Try it:
Without pictures, output exactly the lines running from the line containing "Condition: As new" to the end of the listing below.

Stored data:
----
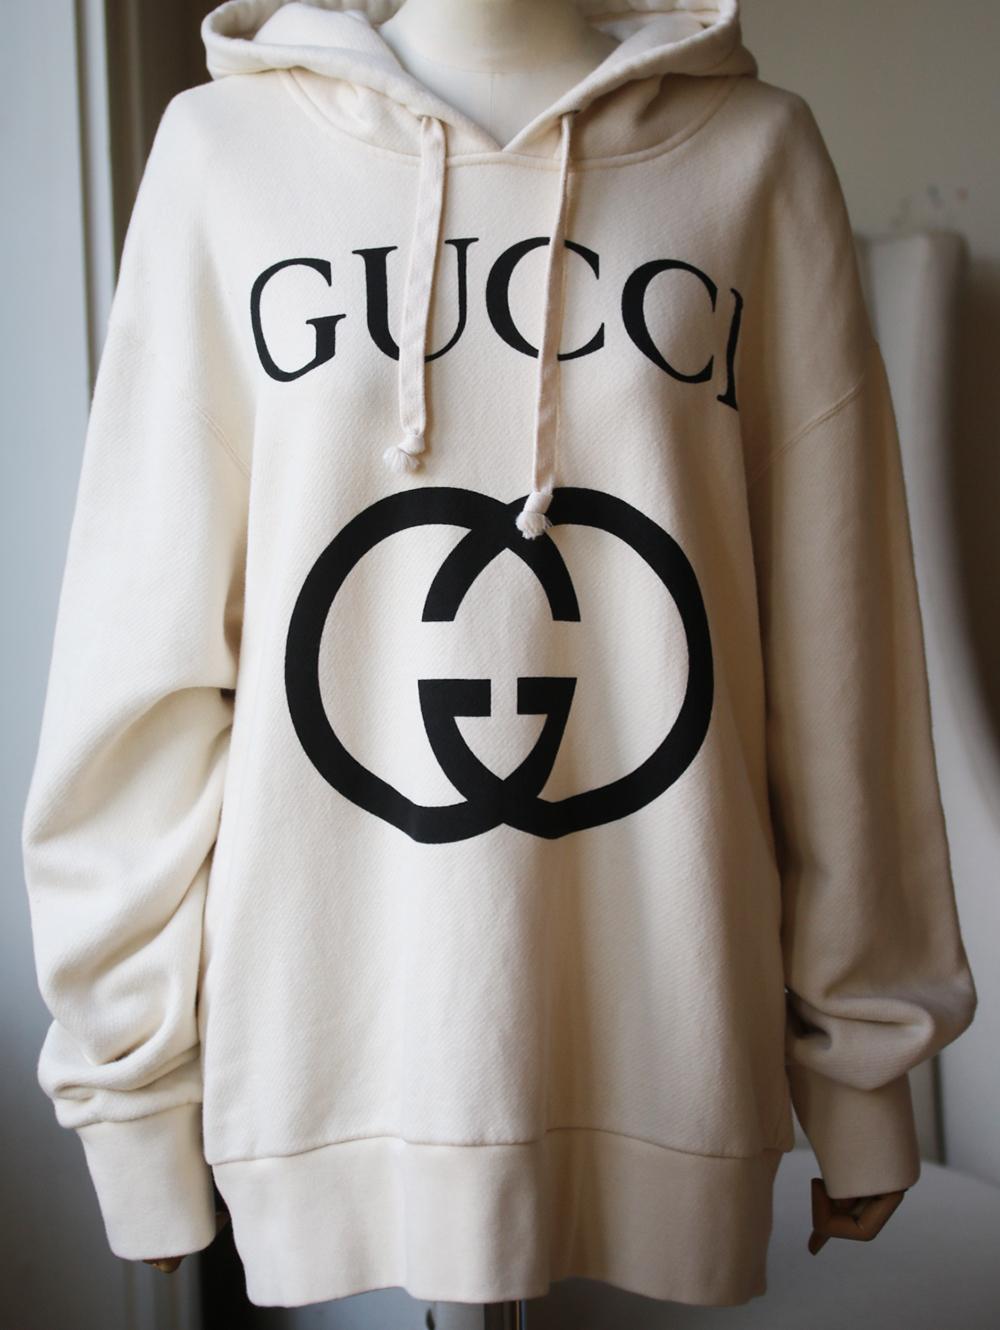 Gucci Off-white heavy felted cotton jersey. Interlocking G print. Fixed hood. Oversize fit. 100% cotton. Made in Italy. 

Size: Medium (UK 10, US 6, FR 38, IT 42)

Condition: As new condition, no sign of wear. 
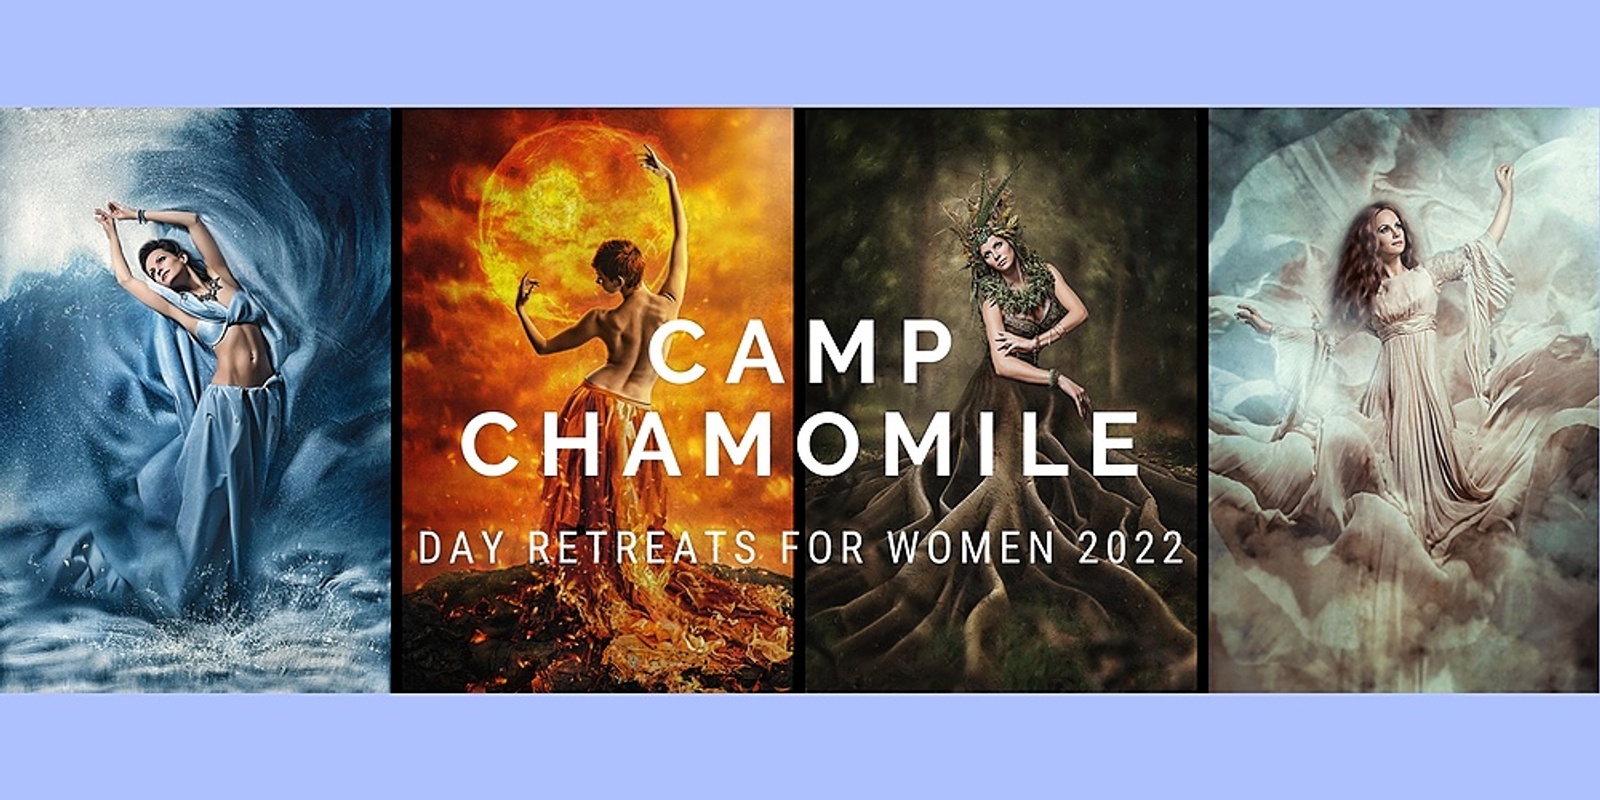 Camp Chamomile - Day Retreats for Women
----
Answer for the task:
Condition: As new condition, no sign of wear. 
 Camp Chamomile - Day Retreats for Women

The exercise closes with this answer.